Kedua, kemarahan. Ketika ternyata angka penularan terus meningkat bahkan sampai memakan korban jiwa, muncul tuduhan bahwa pemerintah tidak siap dalam mengantisipasi wabah. Bahkan dengan kecepatan akses informasi muncul pula anggapan bahwa ada konspirasi global di balik terjadinya wabah, apalagi didukung banyak asumsi dari publik figur seperti JRX SID, dan juga sang Bos Man Mardigu membuat asumsi liar soal pandemi Covid-19 yang dikaitkan dengan konspirasi Global semakin marak dan terus menggerus mindset masyarakat pada umumnya.
Ketiga, Tawar-menawar. Seiring berjalannya waktu ketika proses penularan masih terjadi dan korban jiwa bertambah, muncul narasi-narasi untuk meredakan ketegangan, seperti pernyataan bahwa tingkat kematiannya rendah atau wabah ini tidak seserius wabah-wabah sebelumnya misalnya SARS atau flu Spanyol, sehingga ada peluang untuk dapat melakukan pencegahan.
Keempat, Depresi.
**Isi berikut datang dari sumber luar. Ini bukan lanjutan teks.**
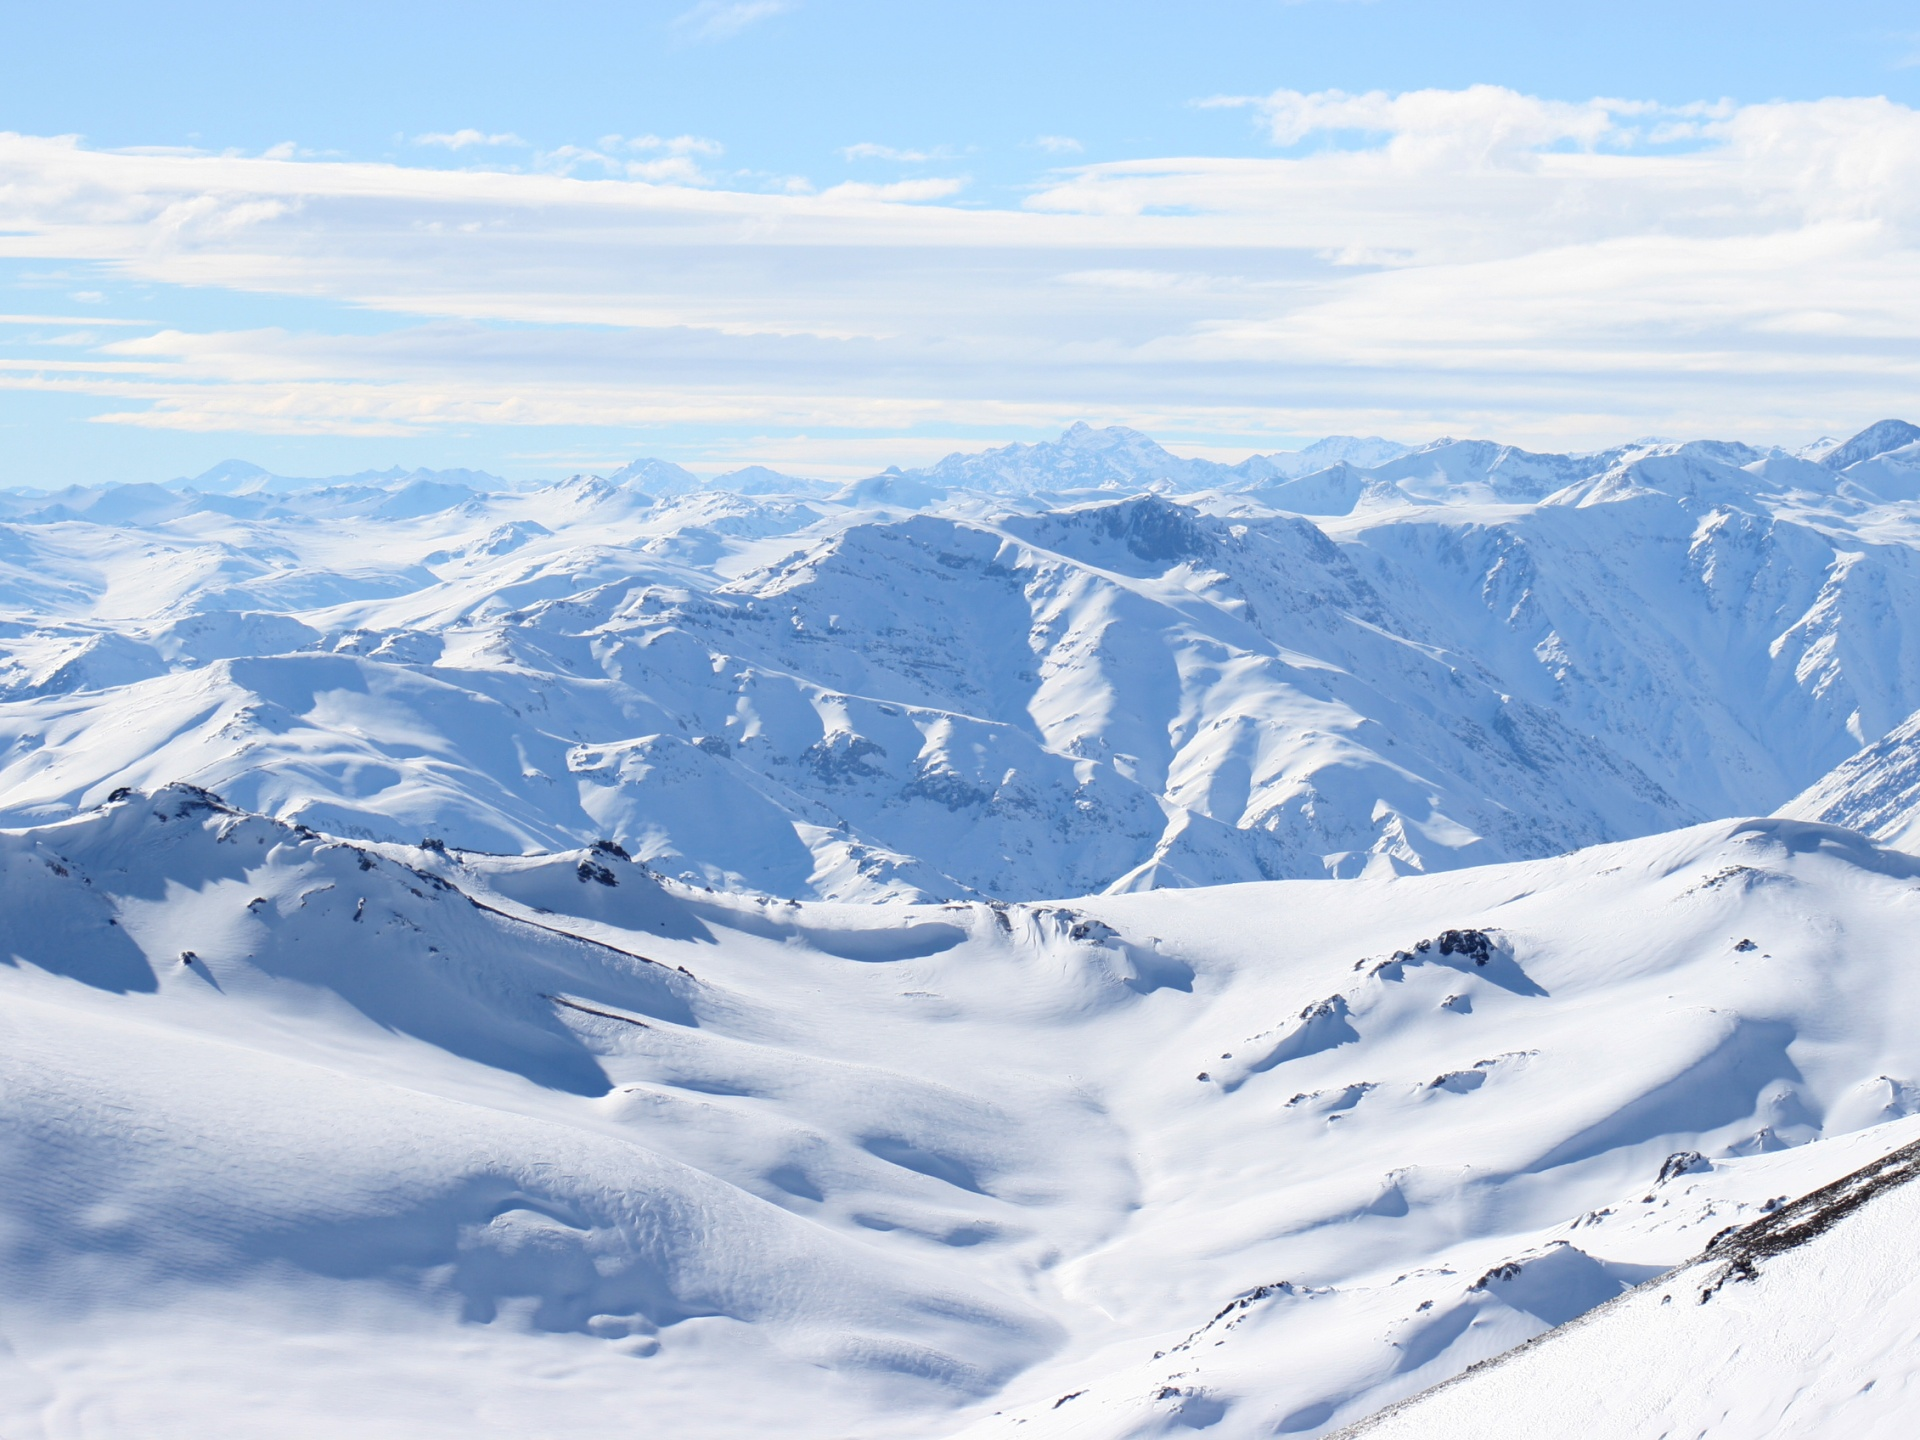 White snowy mountains Wallpaper | 1920x1440 | ID:25559 ...

Ketika proses tawar-menawar dengan wabah terus berlangsung dengan berbagai macam kebijakan, di situasi yang lain kepasrahan justru muncul, khususnya bagi masyarakat kelas bawah yang hanya sekadar untuk bertahan hidup mereka mengalami kesulitan.
Kelima,Penerimaan. Pada akhirnya krisis yang terjadi akan diterima. Narasi untuk mewujudkan “Adaptasi Kebiasaan Baru”dapat diidentifikasi sebagai bentuk penerimaan atas pandemi, apalagi sebelumnya presiden telah mengajak masyarakat untuk dapat berdamai dengan pandemi.
Agar tetap langgeng, suatu sistem sosial harus dapat tetap menjaga kestabilannya, itulah yang harus dijaga ketika masyarakat pasca pandemi COVID-19 masuk dalam situasi “Adaptasi Kebiasaan Baru”. Terdapat dua cara yang dapat ditempuh.
Pertama, sosialisasi, yaitu penanaman nilai-norma secara intens dan konsisten kepada setiap anggota masyarakat. Konten nilai-norma tersebut dapat berupa protokol kesehatan COVID-19 maupun budaya pola hidup bersih dan sehat (PHBS).
Kedua, pengawasan sosial, yaitu pengendalian dan monitoring terhadap pelaksanaan nilai-norma yang telah berlaku. Pengawasan yang dimaksud tidak harus bertumpu pada pemerintah dengan aparat penegak hukumnya, maupun pendekatan represif negara, justru yang lebih penting adalah pengawasan yang berbasis pada intimasi dan solidaritas sosial antar anggota masyarakat, sehingga yang timbul adalah kesadaran bukan keterpaksaan.
Sumber bacaan :
Zizek, Slavoj. 2020. Pandemic! COVID-19 Shakes the World. New York: OR Books.